US Oil Rig Count Climbs

By Glenn Dyer | More Articles by Glenn Dyer

Like all other financial markets, commodities trading in coming days will be dominated by the Brexit vote in Britain Thursday night, our time.

But before then Australian investors will have to negotiate the second last week of the tiresome Federal election campaign.

And some traders will be keeping a wary eye on oil prices – US crude futures jumped 4% on Friday in the wake of an easing in Brexit fears, but the market ignored the third successive weekly rise in US oil rig use.

If the rig increase continues for much longer, some analysts say US prices could slide very quickly.

Others warn that if there is a halt to the fall in US production and/or a build up in stocks (thus reversing the recent trend of falling production and stocks) oil prices could quite easily test the $US40 a barrel level.

Baker Hughes said the US oil rig count rose by 9 to 337 last week, for a third-straight weekly rise, the longest streak since last August. One gas rig was added, taking that category’s total to 86 and the combined figure rose 10 to 424.

In New York, July West Texas Intermediate crude futures added $US1.77, or 3.8%, to settle at $US47.98 a barrel, down 2.2% lower for the week, which was the biggest loss since the week ended May 6.

In London, August Brent crude climbed $US1.98, or 4.2%, to end at $US49.17, for a weekly loss of around 2.7%. That was also the biggest weekly decline in six weeks.

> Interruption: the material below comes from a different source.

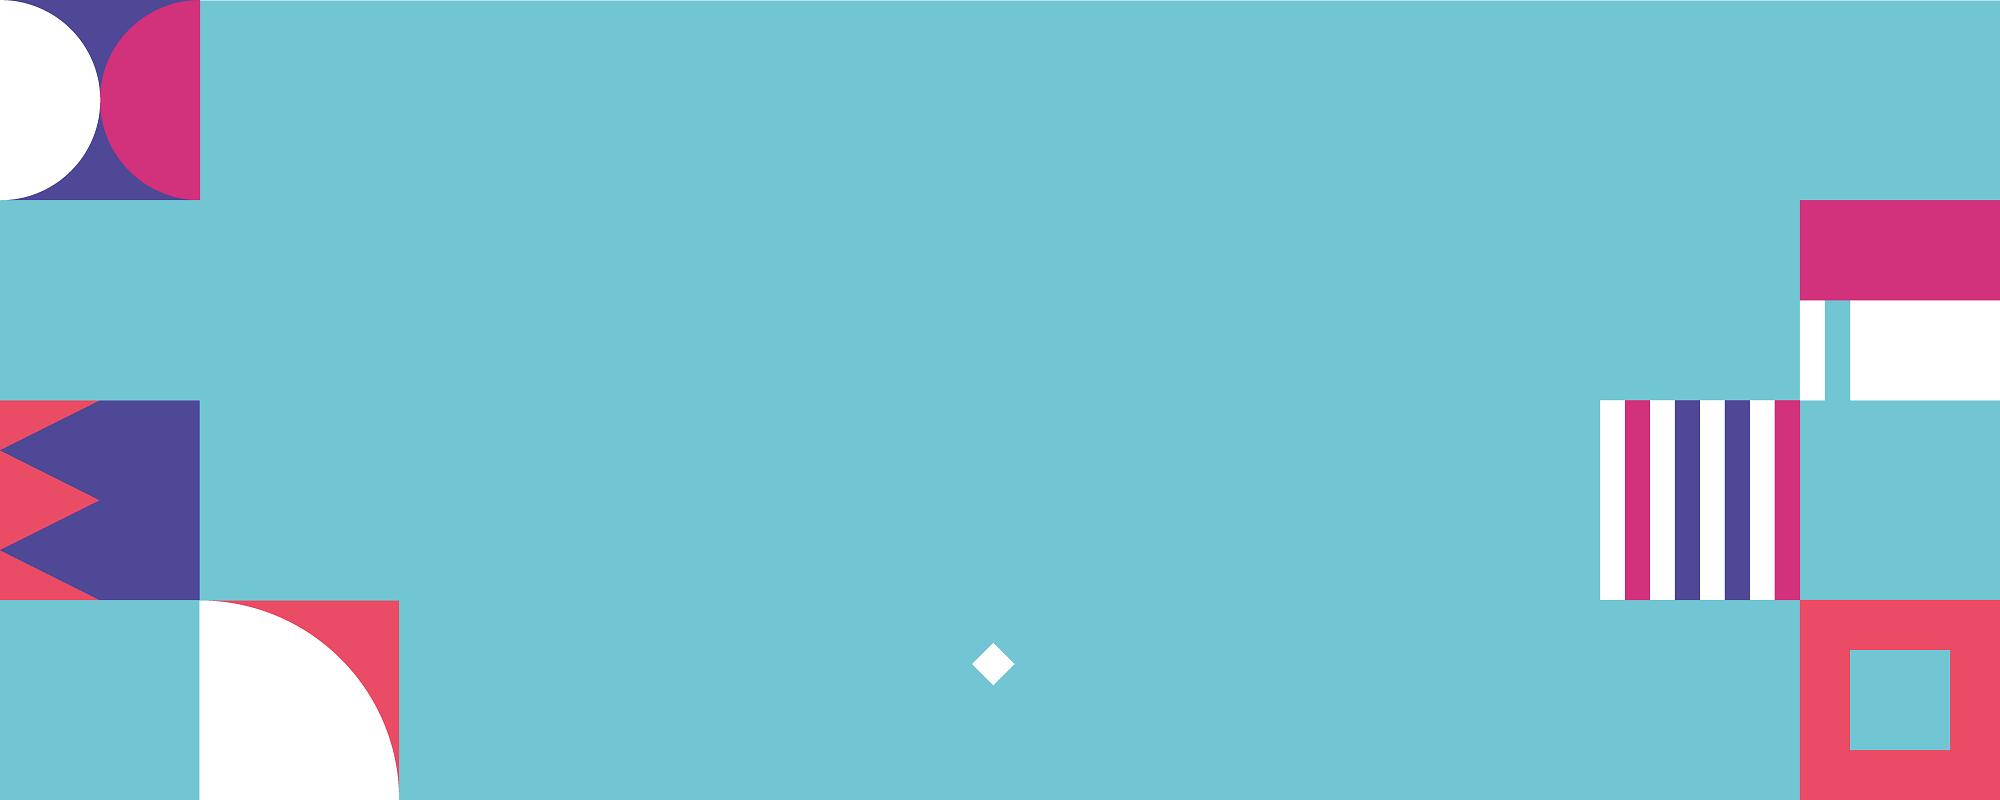 Puzzle_services_banner_branding_design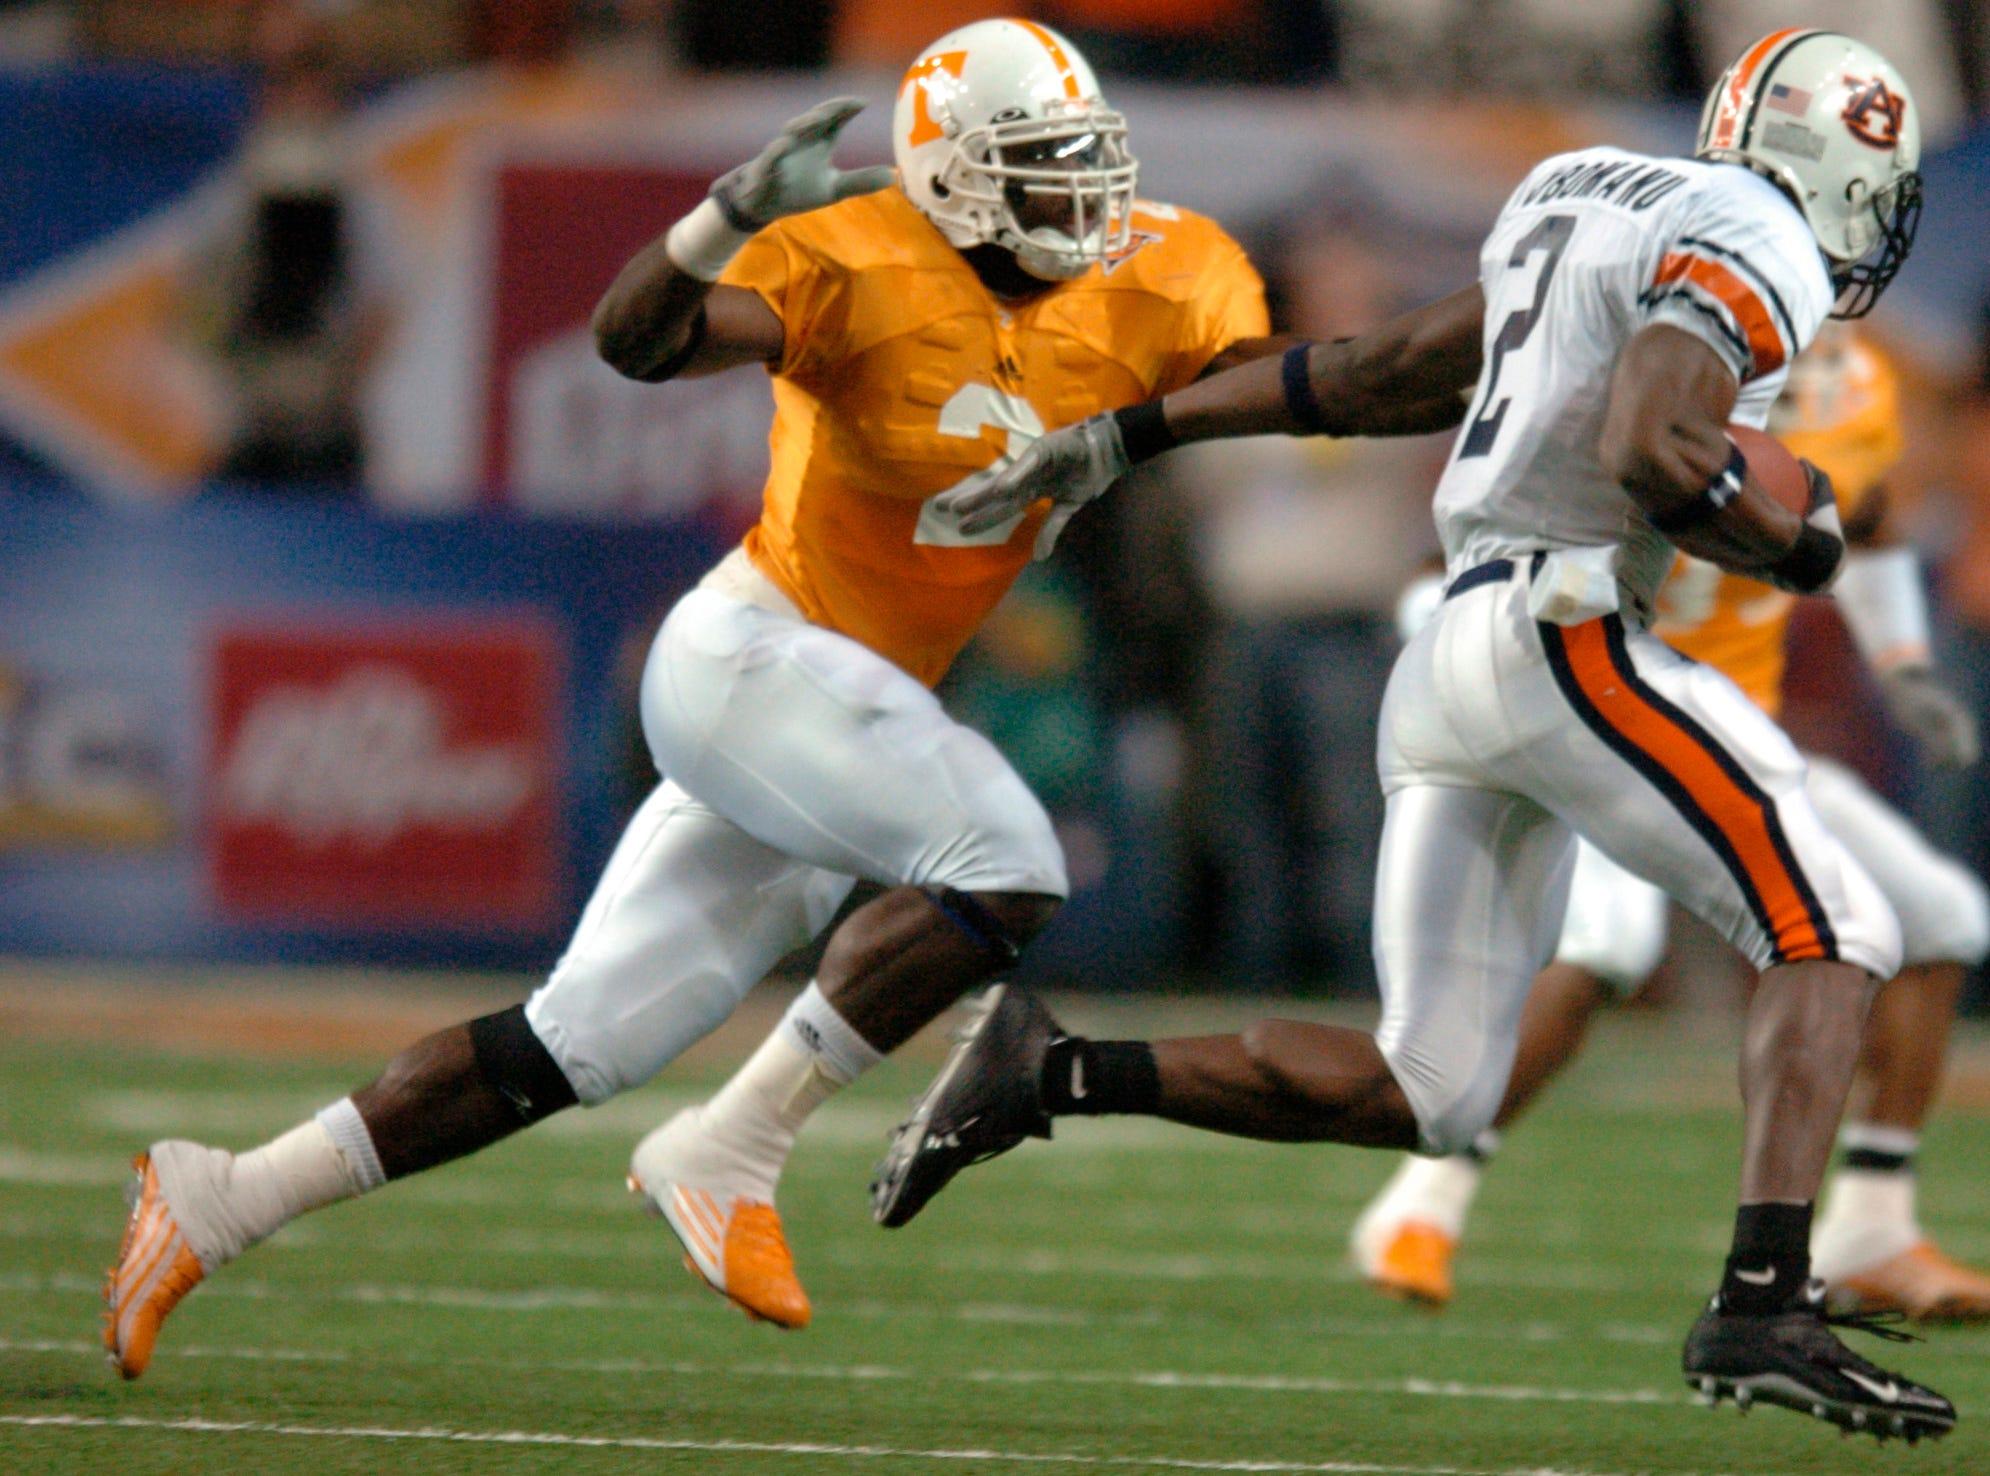 UT's Kevin Burnett (2) chases Auburn's Ben Obomanu (2) during the SEC Championship Game in the Georgia Dome Saturday night in Atlanta in 2004.

Comex gold futures finished narrowly lower on Friday in New York, ending a 7-session streak of gains, as those Brexit fears eased in the wake of the Jo Cox killing.

Comex gold for August delivery lost $US3.60, or 0.3%, to settle at $US1,294.80 an ounce. Prices rose about 1.5% last week for the third straight weekly advance.

Comex July silver futures shed 19.6 cents, or 1.1%, to $US17.411 an ounce on Friday, cutting the weekly gain to 0.5%.

And Comex July copper rose by less than half a cent to $US2.051 a pound—up about 1% on the week.

About Glenn Dyer

Glenn Dyer has been a finance journalist and TV producer for more than 40 years. He has worked at Maxwell Newton Publications, Queensland Newspapers, AAP, The Australian Financial Review, The Nine Network and Crikey.